Directions for this task - From the line that contains "Solar eclipse Desktop wallpapers 1280x1024" to the final line below, both included, print each line exactly and skip the pictures.

◇ ◇ ◇ ◇

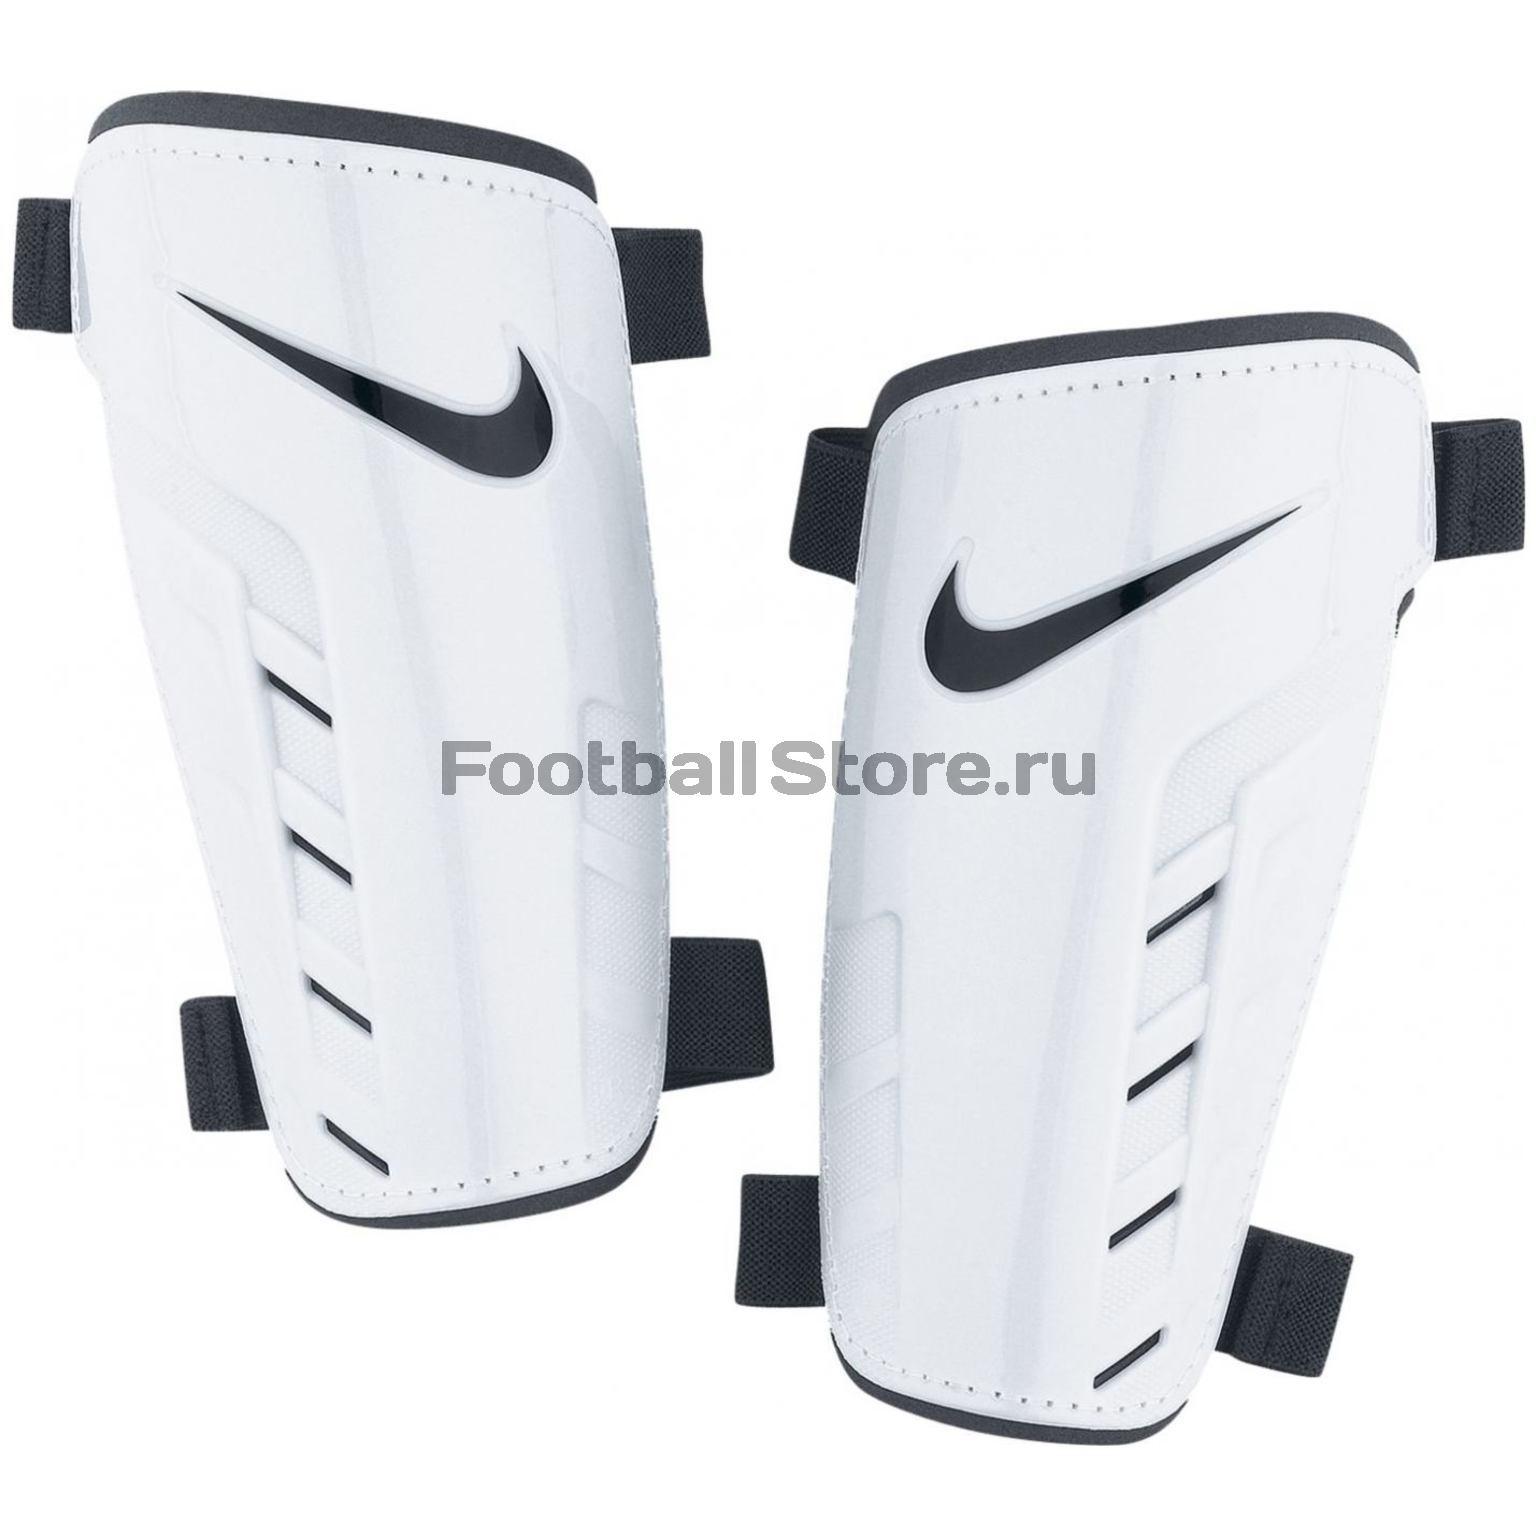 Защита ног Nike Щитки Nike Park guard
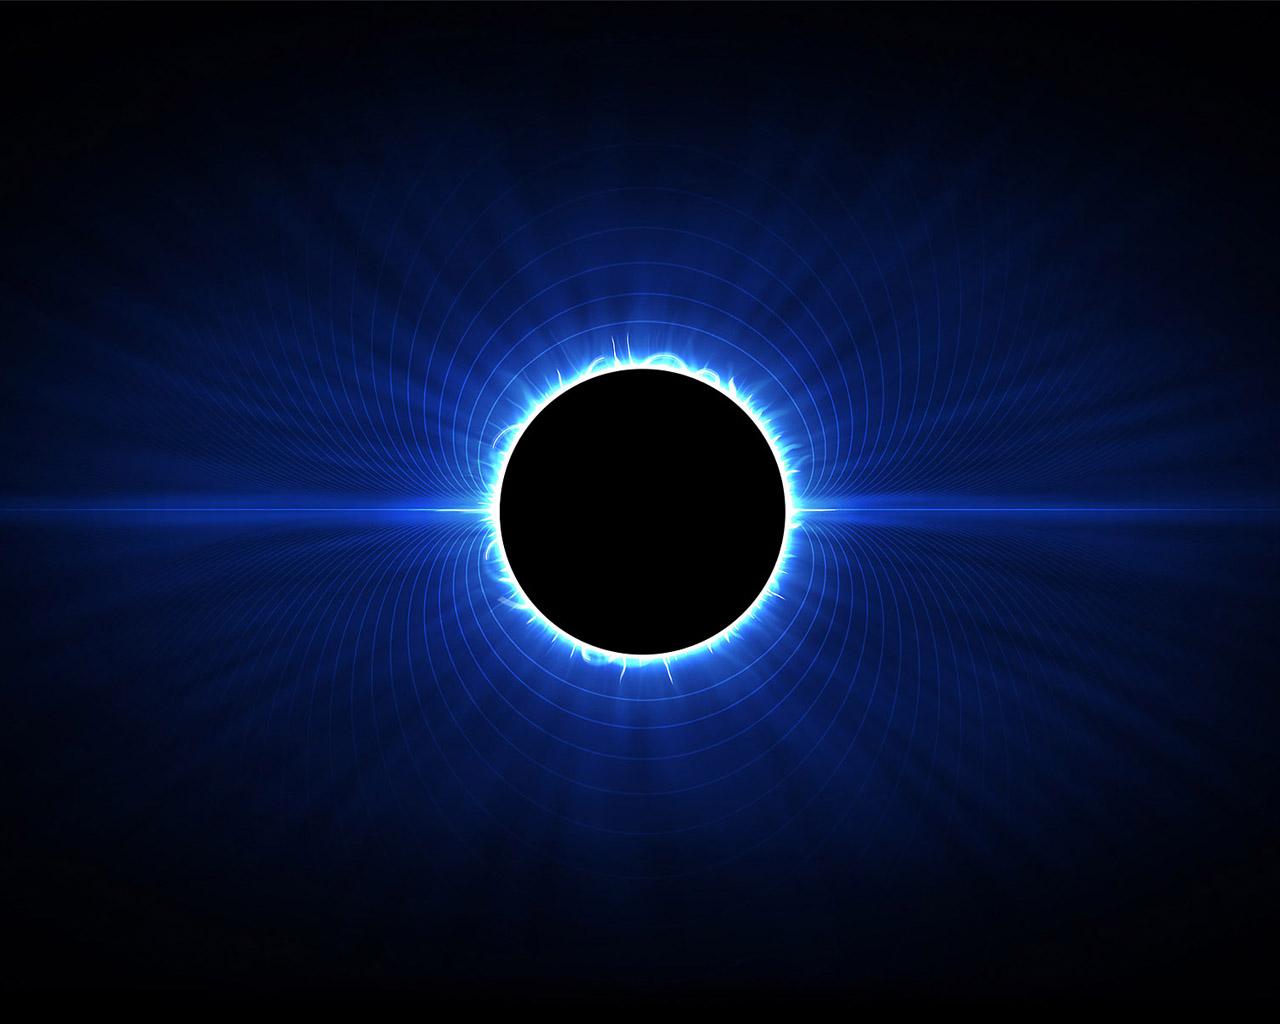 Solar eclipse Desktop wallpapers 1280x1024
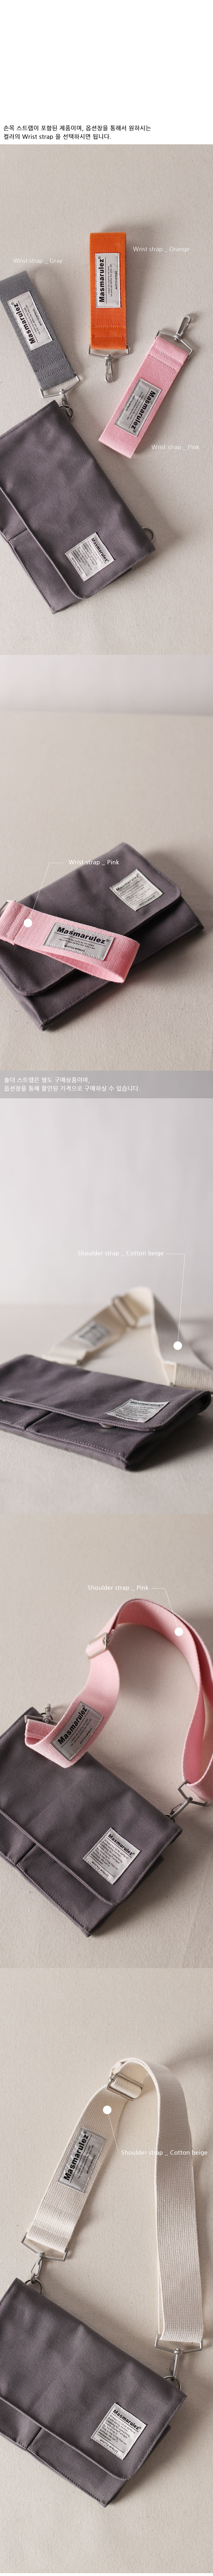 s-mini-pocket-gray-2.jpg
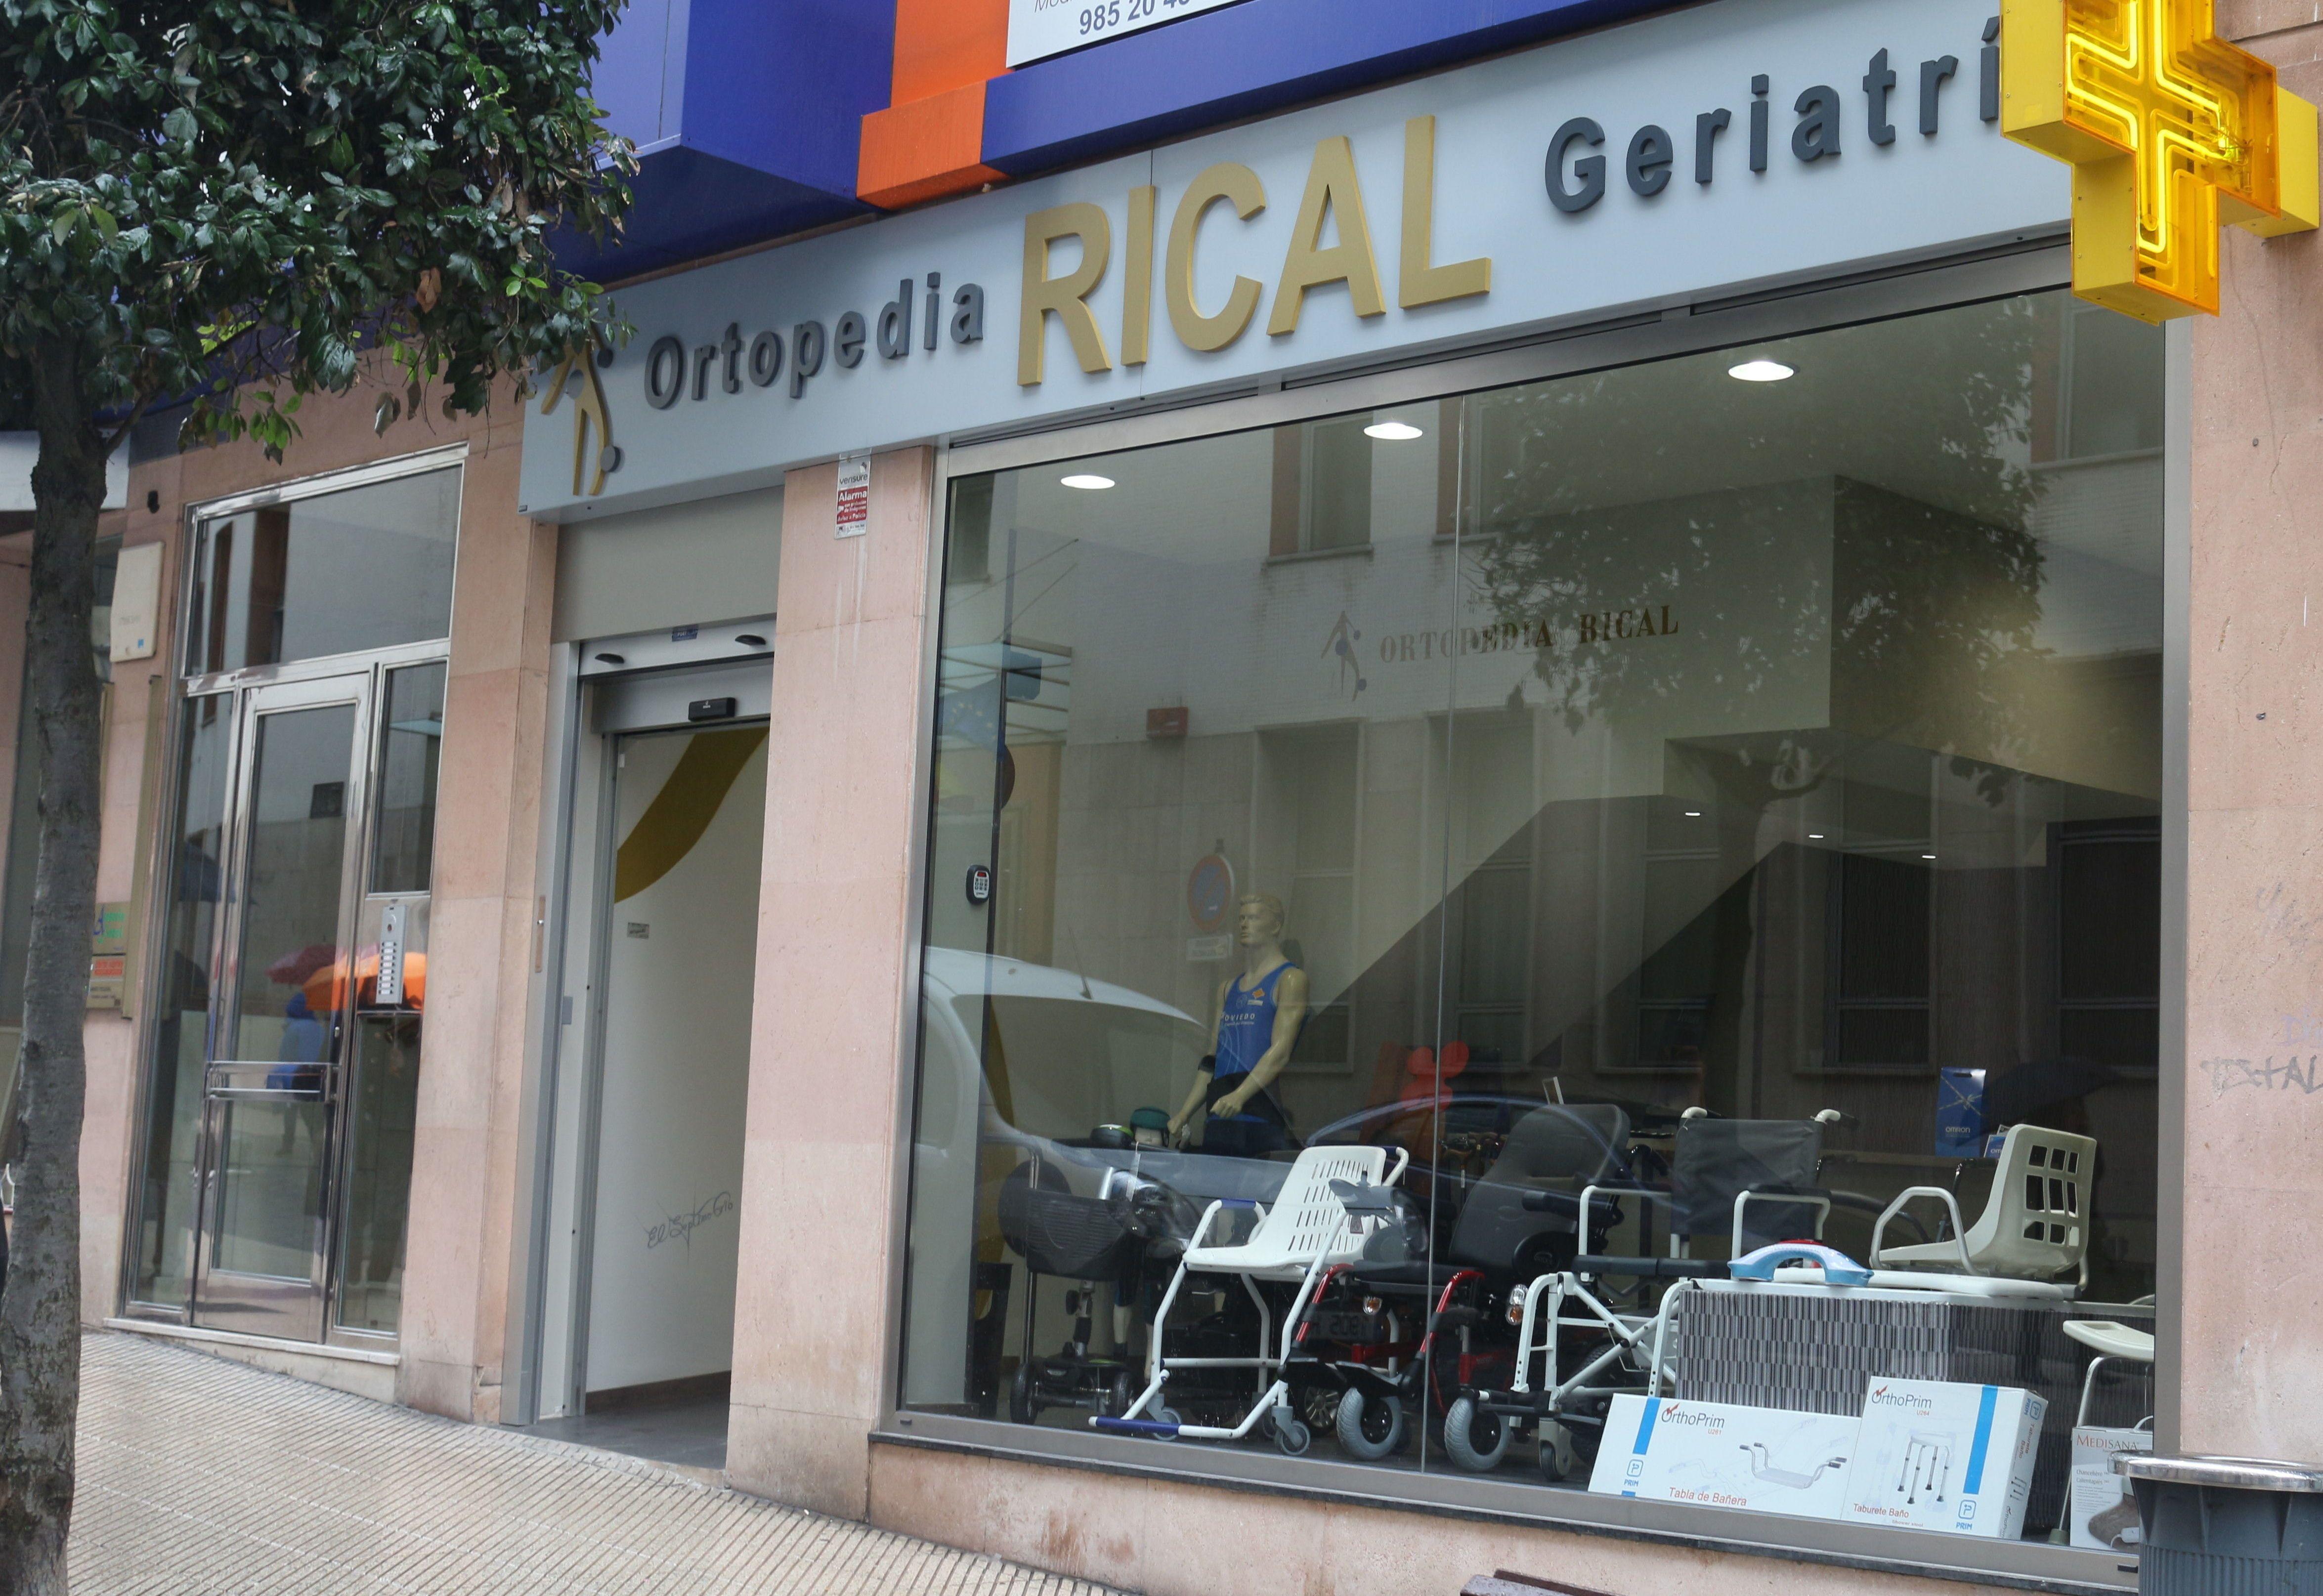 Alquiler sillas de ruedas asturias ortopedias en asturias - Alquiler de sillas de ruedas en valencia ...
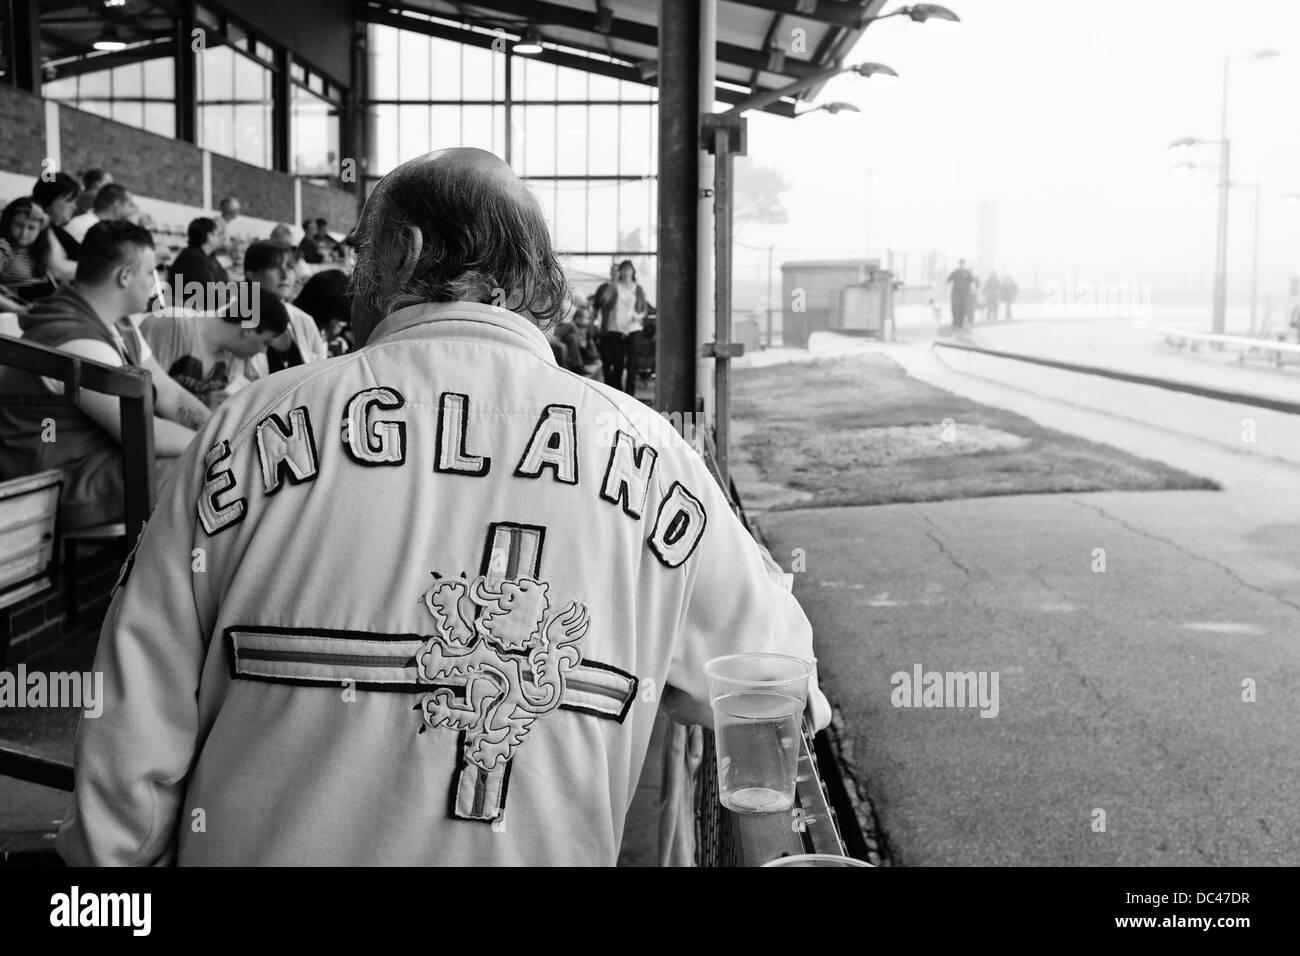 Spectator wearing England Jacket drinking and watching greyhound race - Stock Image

◇ ◇ ◇ ◇

Exercise solution -
 Solar eclipse Desktop wallpapers 1280x1024
 s-mini-pocket-gray-2.jpg
 Alquiler sillas de ruedas asturias ortopedias en asturias - Alquiler de sillas de ruedas en valencia ...
 Spectator wearing England Jacket drinking and watching greyhound race - Stock Image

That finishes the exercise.